The Quarantine season has been going on for some time, and it has certainly got a lot of people to face boredom, depression, and anxiety. This is a very important subject and needs to be addressed properly, but in today's segment, I will be talking about something that had happened in 1971 to a boy who spent most of his life in a bubble or in quarantine.
Imagine yourself living in a literal bubble/chamber to self-isolate, it would seem like a terrifying and heartwarming experience, but in 1971 a boy from Texas was born with a rare genetic disorder called Severe Combined Immunodeficiency (SCID) which forced him to live in a sterile plastic bubble from birth until his death at the age of 12.
According to the NIAID (National Institute of Allergy and Infectious Diseases), SCID is a group of rare disorders caused by mutations in different genes involved in the development and function of infection-fighting cells. This type of deformity causes a person to be susceptible to any pathogen and has a fatal reaction to any minor infection.
Most often SCID is inherited in an autosomal recessive pattern, in which the disease is caused by genes located on the X chromosome. Males have only one copy of X-linked genes because they have one X chromosome. So if a son inherits a disease-causing mutation in a gene located on the X chromosome, he will develop the disease.
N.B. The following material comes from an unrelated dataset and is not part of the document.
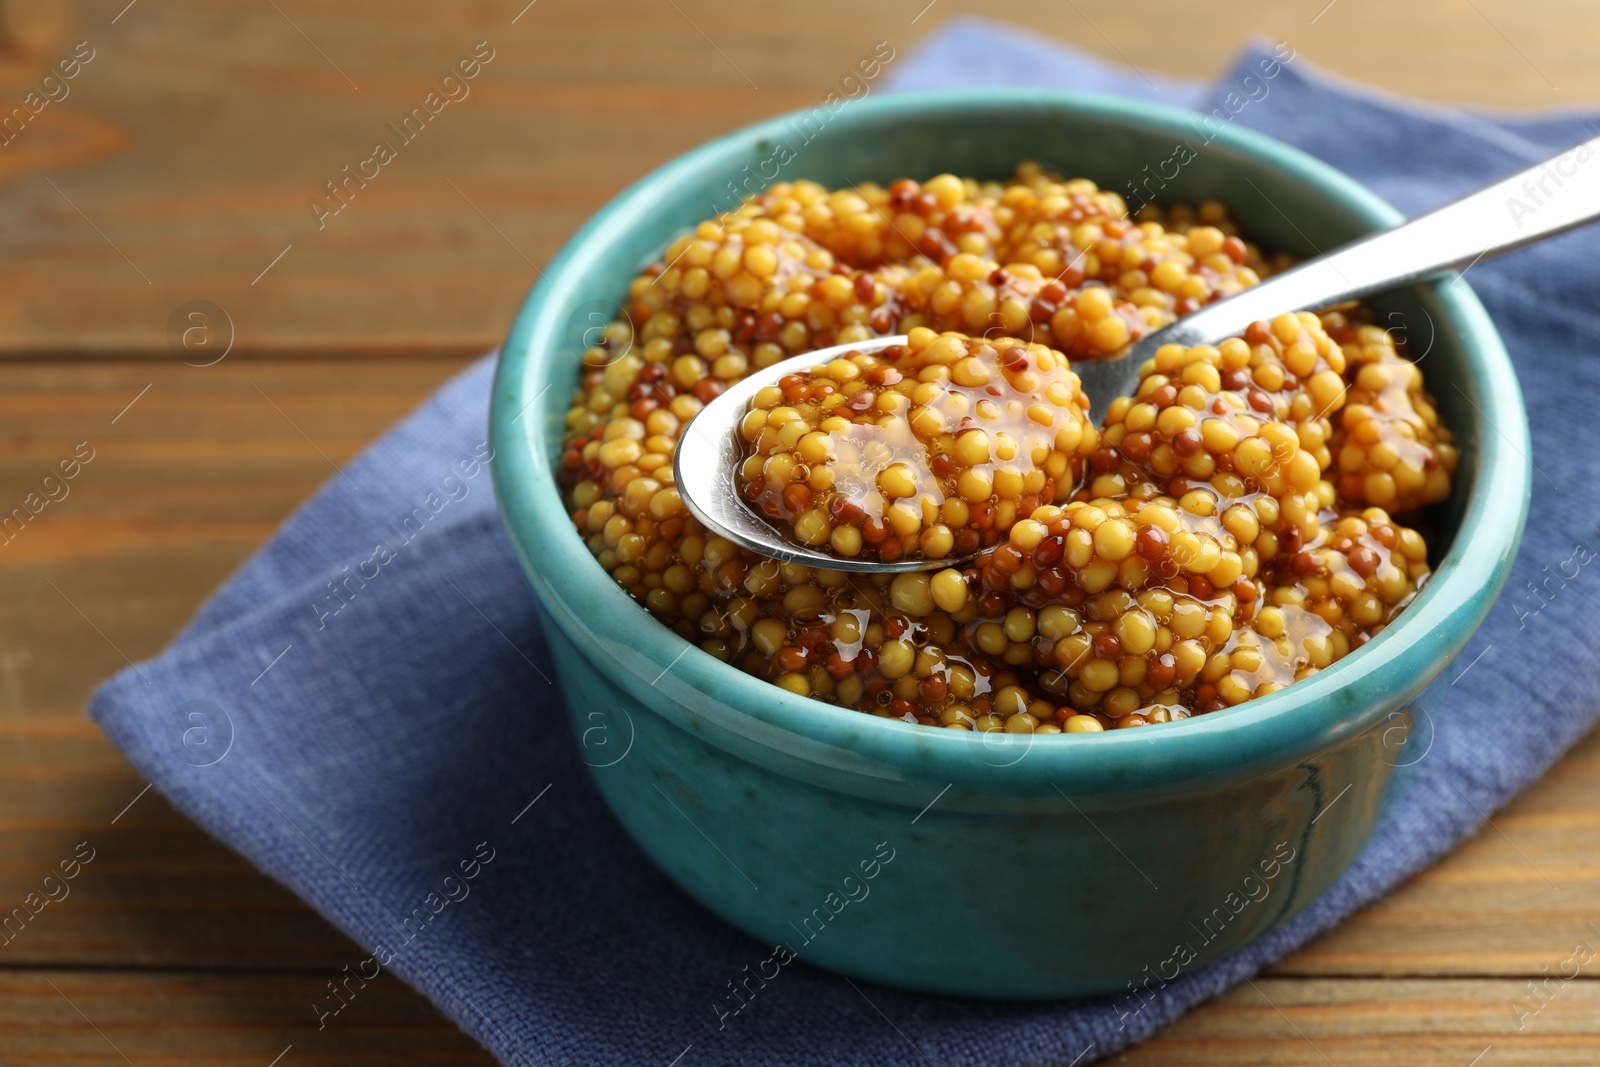 Photo of Whole grain mustard in bowl and spoon on wooden table, closeup
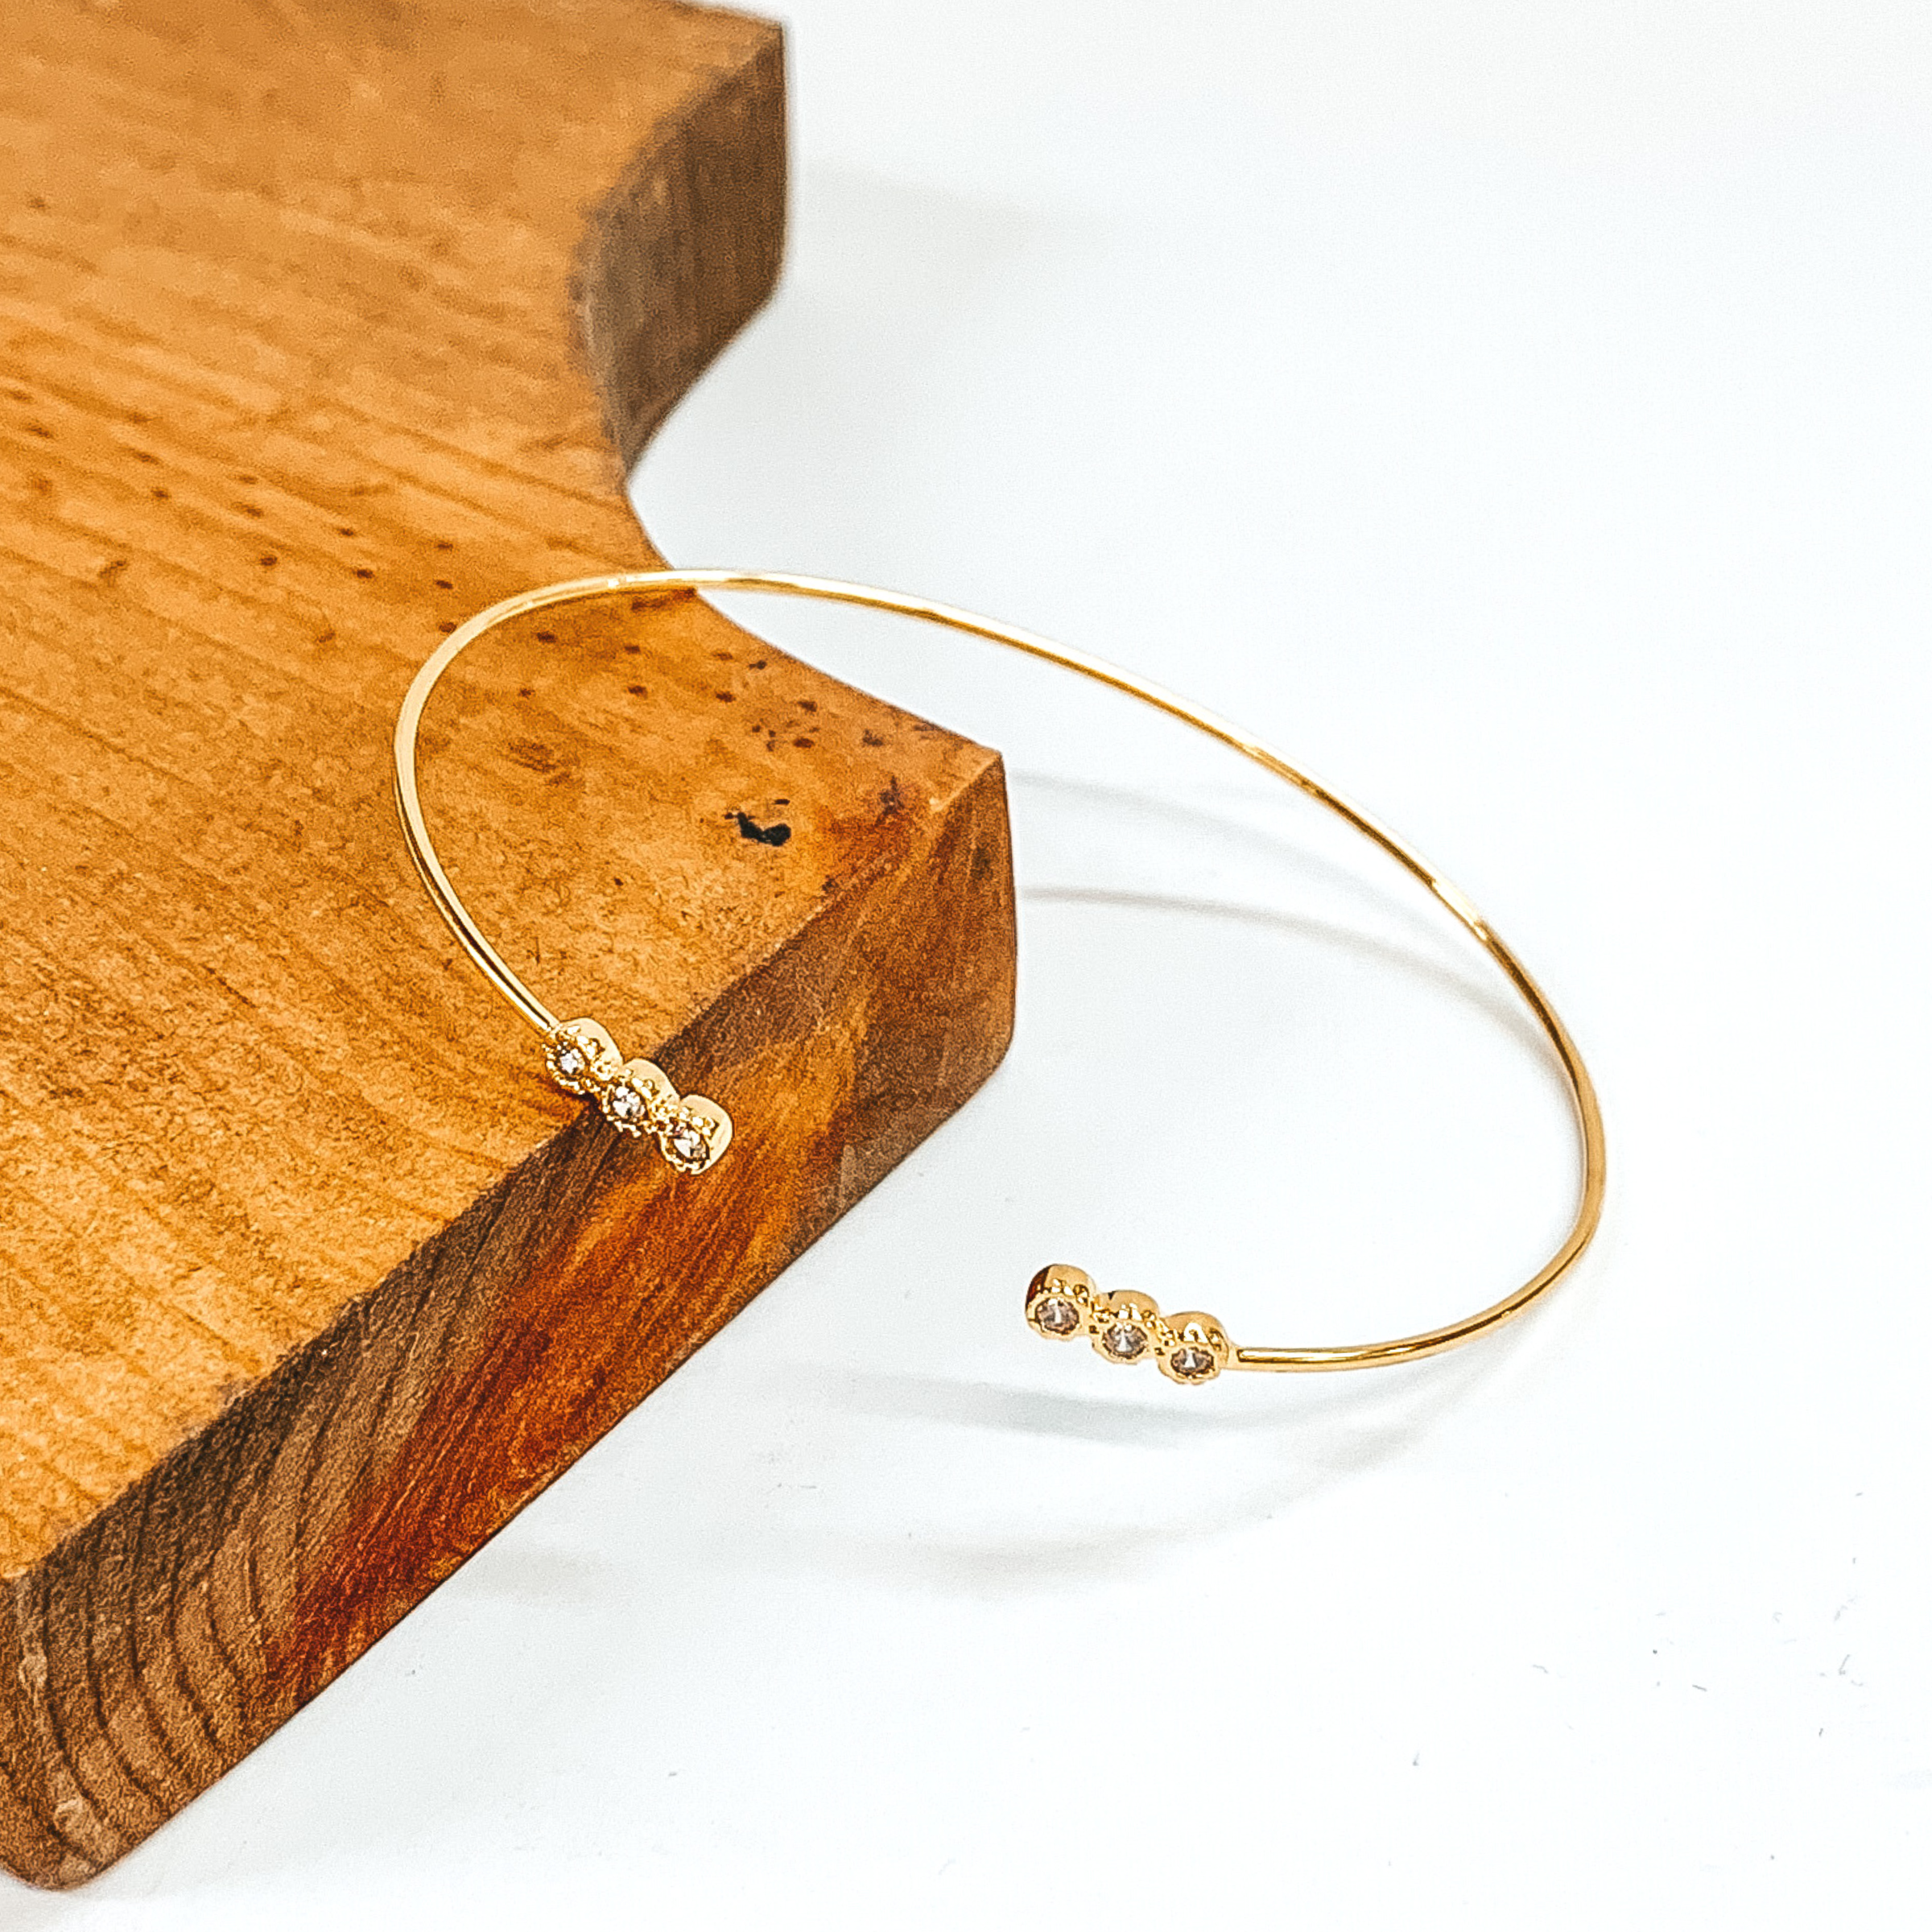 Thin, gold wire bangle with small, round tiny crystal ends outlined in gold. This bangle is pictured laying partially on a brown block on a white background.

And since X is a recessive gene it shows up mostly in a male)
David was born on September 21st at the Texas Children's Hospital in Houston. After a few seconds of his birth, he was placed in a plastic isolator so as to prevent him from any contagious pathogens that are harmless to the normal human. Born as a third child to Carol Ann and David J. Vetter, David was their second son with the prior son being dead to the same disease during infancy.
Initially, Doctors had predicted that David would outgrow SCID by the age of two, but he ended up spending all his life in a bubble. The plastic sterile container was designed by NASA engineers who further designed a special suit for David so that he could walk and play outside. Even to get from the container to the suit he had to crawl through an isolated tunnel. The process of sealing David in the suit was complicated, but worth the risk, as it was only until 1977 that his mother was able to hold him in her arms. This must have been a very hard emotional moment.
Even while in self-quarantine in the sterile container, David was schooled and he was able to keep with other children about his age. David's disorder was expected to be treated by a bone marrow transplant from his sister (his parent's second child) but after four months of transplant, at the age of 12, David departed from the world. David's passing influenced further research, diagnosis, and treatment of immune-deficient diseases. But Still, with the progress in gene therapy and overall development in science and technology, the treatment for SCID remains experimental. But with further trials and continued effort, many studies have been made with further identification of the disease.
Keeping that in mind, this post was initially intended to be satiric which in turn led to a thorough investigation of a very heartwarming life story of David Vetter.